Data_Quality (Brohrer) Flashcards
1
Q
choose your rows
A
one and only one target value for each row (well… for multilabel, multiclass may not be true but still it has to answer a precise question as in single label case)
2
Q
inspect the data
A
- spot problems in data
- identify the domain of values for different features, use functionality similar to DataFrame.describe() - pandas
- review the documentation for all features
- visualize data (histograms, scatter plots, etc) for anomalies, correlation, etc.
3
Q
correct the data
A
- if the error is obvious, correct the data
- otherwise delete the value and leave it as missing
4
Q
missing data -> mean
A
- assumes the missing data is distributed in the same manner as the present one
- aka Missing Completely at Random
5
Q
missing data -> median, mode
A
- median is a robust statistic useful when dealing with outliers
- mode is used when dealing with categorical variable.s
6
Q
missing data -> interpolated value
A
- interpolate the value when dealing with ordered data
- useful with time-series data
7
Q
missing data -> constant
A
- when dealing with information that is not Missing at Random i.e. people don’t share income info as it is very ‘high’; using high gives a better representation of missing info even if not precise
8
Q
missing data -> missing rank
A
- when dealing with data presented in ranking order with no duplicates or gaps
9
Q
missing data -> 0
A
- when dealing with numerical data is a reasonable choice
- when dealing with categorical data use it as (key, value) pair (0, ‘missing’)
10
Q
missing data -> 0 - confidence
A
- if confindence in using 0 is low, use a separate column/feature to indicate with a boolen flag the missing value
11
Q
missing data -> ‘missing’
A
- use such an indicator value or similar for categorical data
12
Q
missing data -> delete columns
A
- use it when the number of missing data instances is to high to be useful (uninformative)

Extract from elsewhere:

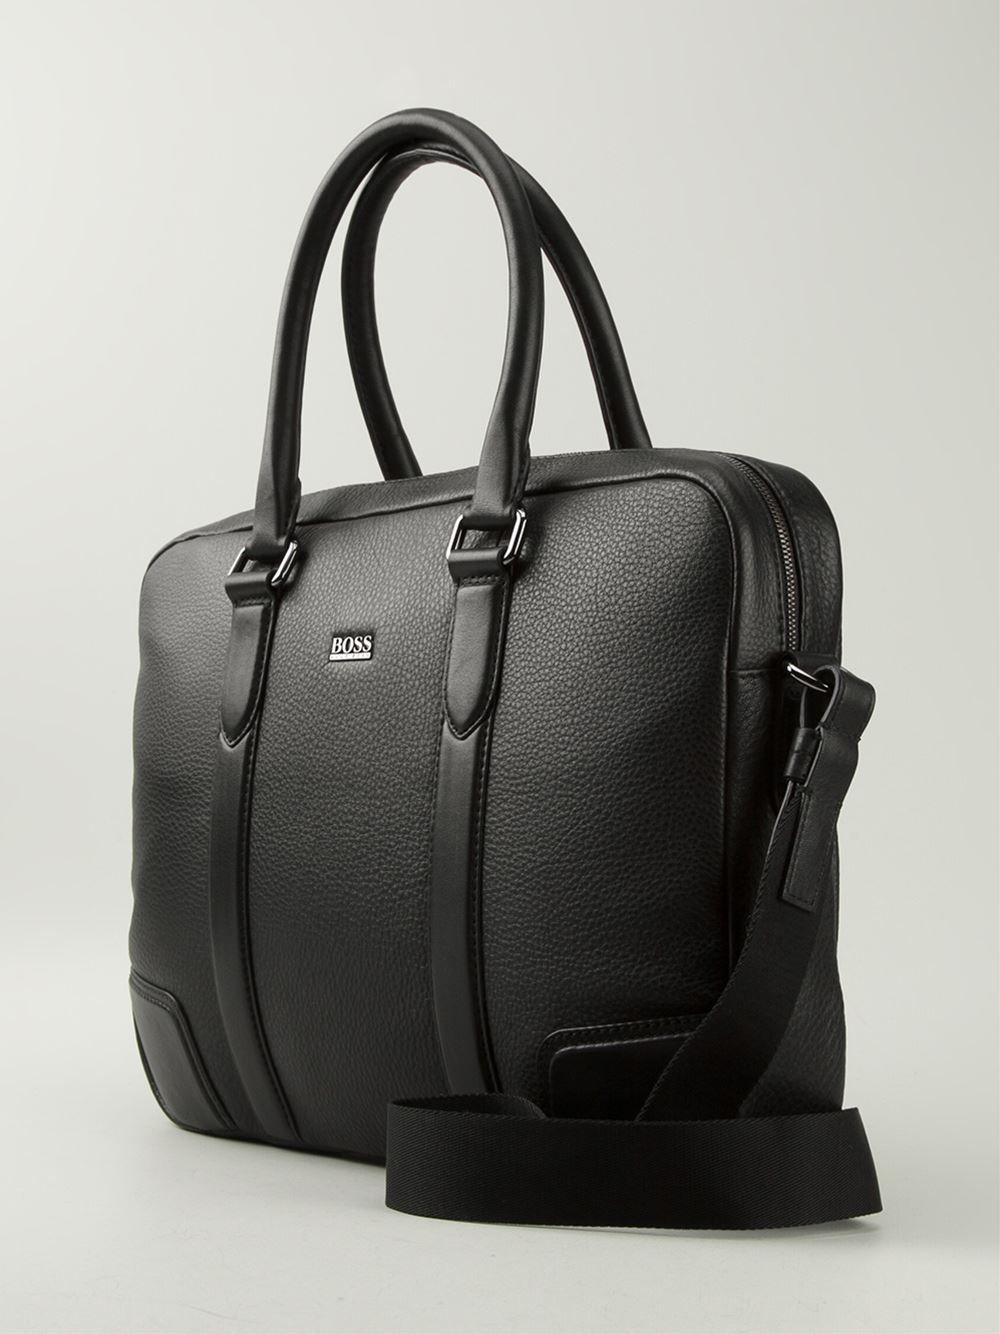 Boss Hugo Boss Laptop Shoulder Bag - United Legend Mulhouse - Farfetch.com 48f6d42353d8c

!!! NOTE: - make sure there is enough data left before proceeding further
13
Q
missing data -> delete rows
A
- use it when critical information (features) per row is missing
!!! NOTE: - make sure there is enough data left before proceeding further
14
Q
missing data -> imputation
A
- a way to have information from other columns used to fill missing information in a reasonable way (i.e. through some correlated values between features)